The condition associated with the supposed spider bite was known as tarantism, and it was documented for generations across Puglia, particularly in the Salento peninsula near Taranto. Sufferers, most often women, would reportedly fall into a listless or agitated state that local tradition blamed on a spider's bite, and the prescribed remedy was a home visit from musicians who played a fast, driving rhythm on tambourine and violin until the afflicted person got up and danced, sometimes for hours, until exhaustion broke the episode. The Italian anthropologist Ernesto de Martino spent 1959 studying the practice firsthand in Salento and published his findings in La terra del rimorso, arguing that tarantism functioned less as a response to actual venom and more as a socially sanctioned outlet for psychological distress that had few other acceptable expressions in that place and time, especially for women. Whatever the underlying cause, the dance-as-cure ritual was taken seriously enough, for long enough, to leave behind a whole musical repertoire built specifically for it.

One Name, Several Regional Dances

What most people picture when they hear "tarantella" is actually a family of related regional dances rather than one fixed routine. The version tied to tarantism, pizzica pizzica, comes specifically from Salento and keeps close to its healing-ritual roots, often danced solo or in a loose circle with an urgency that reflects its original purpose. Tarantella napoletana, the version most commonly seen in Italian-American wedding and restaurant performances, developed around Naples as a lighter courtship dance for couples, built around flirtatious approach-and-retreat steps rather than the trance-like intensity of the Salento form. Calabria and Sicily each maintain their own regional variants too, with different step patterns and instrumentation, which is worth knowing before assuming any single video or class represents "the" tarantella.

The Steps and the Sound

Despite the regional variation, most tarantella forms share a driving 6/8 rhythm and a reliance on the tamburello, a large hand-held frame drum with jingles similar to a tambourine, as the dance's rhythmic backbone, often alongside violin or accordion.

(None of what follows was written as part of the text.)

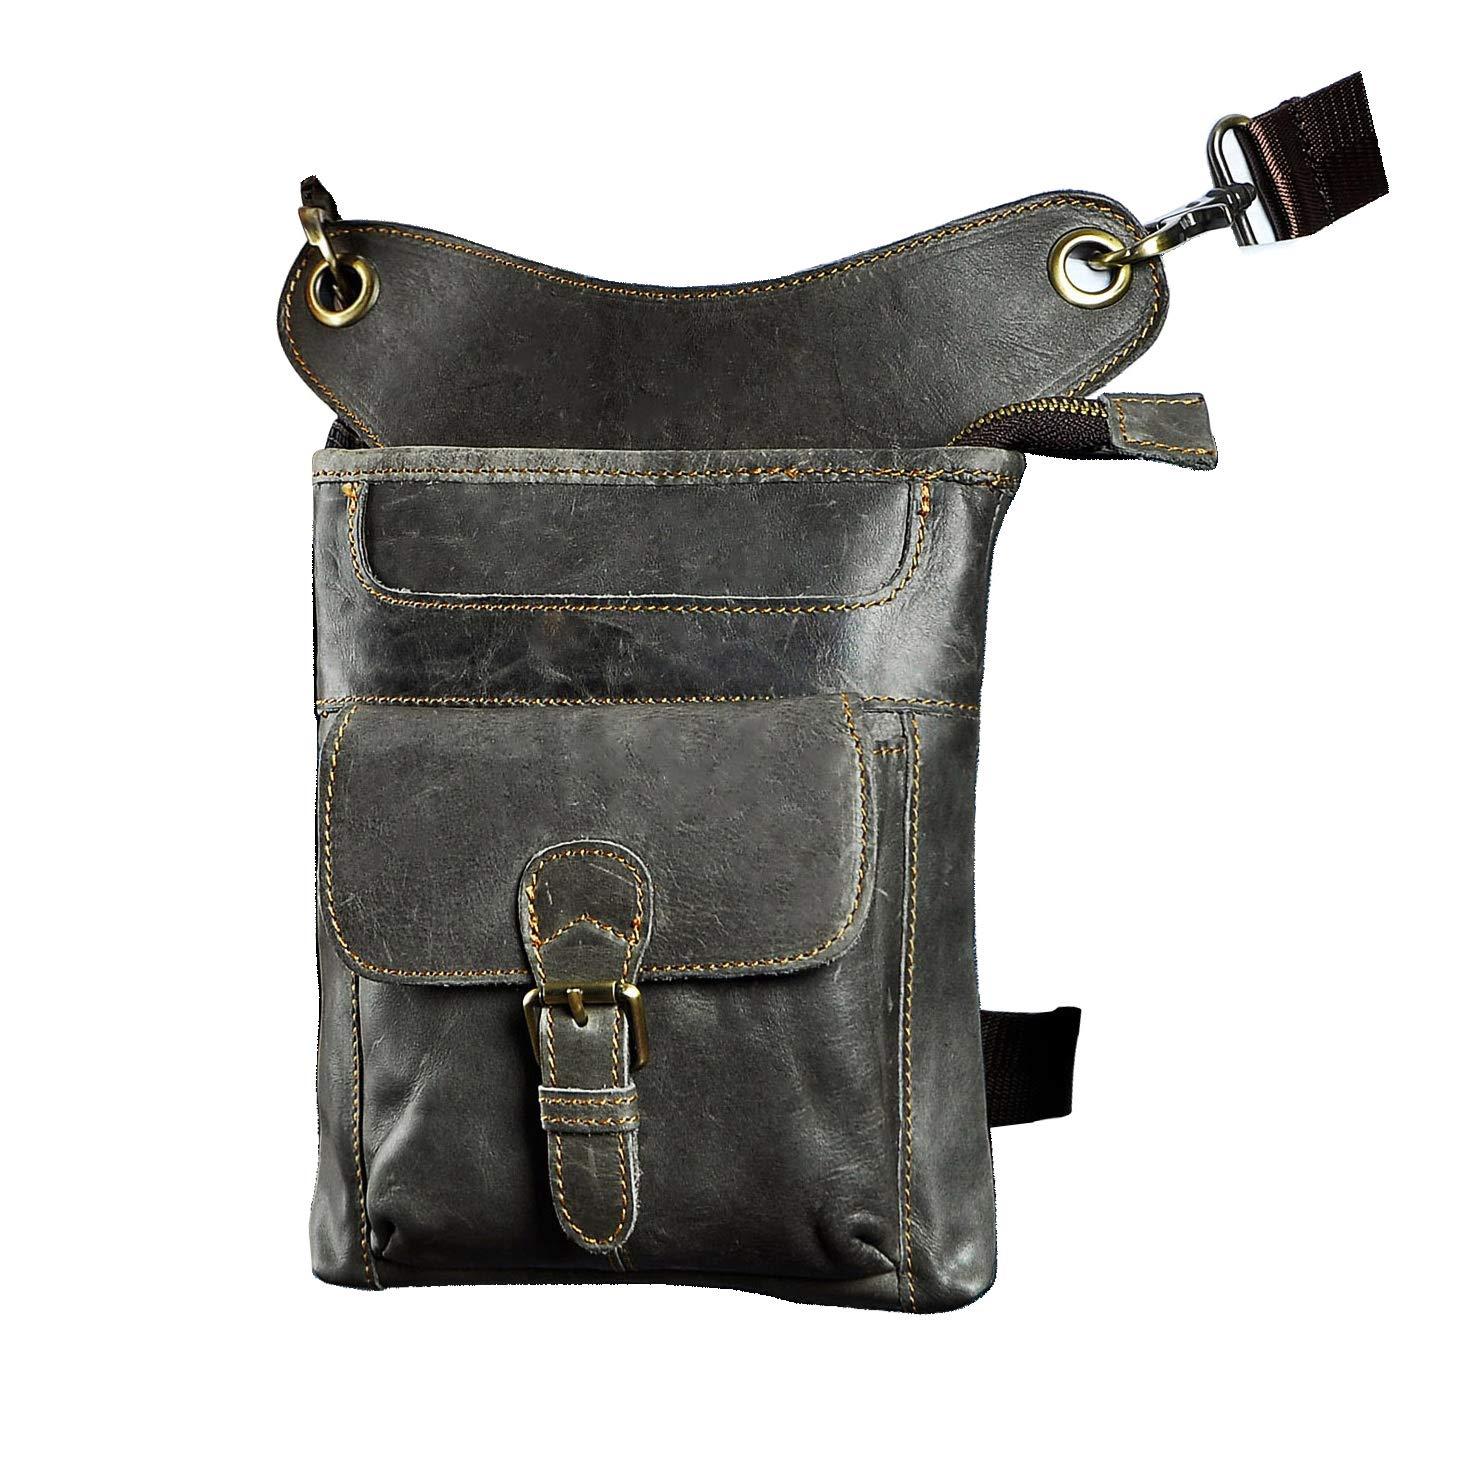 The 211-2 Grey 1 Leaokuu Mens Genuine Leather Messenger Riding Hip Bum Waist Pack Drop Leg Cross Over Bag

The tempo typically accelerates as the piece goes on, and dancers respond to that acceleration rather than dancing at a fixed, unchanging speed throughout — part of what gave the dance its reputation for frenzy in the tarantism context, where the escalating tempo was thought to intensify the cure. Footwork tends toward quick, small steps and turning patterns, with arms often raised to frame the face or holding a tambourine that the dancer plays while moving, which is a genuinely difficult combination for beginners to coordinate.

A Living Revival, Not a Museum Piece

Tarantism as an actual medical belief faded through the 20th century, but the music and dance built around it didn't disappear with it. Salento in particular has seen a strong folk revival since the 1990s, anchored by La Notte della Taranta, an annual summer festival held in the town of Melpignano that draws large crowds for a night of pizzica music and dancing and has become one of the region's biggest cultural exports. Folklife organizations such as the Smithsonian Center for Folklife and Cultural Heritage have documented similar Mediterranean ritual dance traditions as part of broader efforts to preserve community-based folk practices that exist outside formal concert dance. For anyone learning tarantella today, that revival scene — workshops, regional festivals, community classes — is a far more accessible entry point than trying to reconstruct the historical healing ritual itself.

Trying It Outside Italy

Tarantella classes outside Italy tend to show up through Italian cultural centers, folk dance societies, or general world folk dance groups rather than dedicated dance studios, and they're usually taught as a social, participatory dance rather than a performance piece requiring years of technique. Anyone coming from another partnered folk tradition, such as csardas or contra dance, will recognize the general shape of a community dance built around live music and a caller or lead dancer, even though the specific steps and rhythm are distinctly Italian.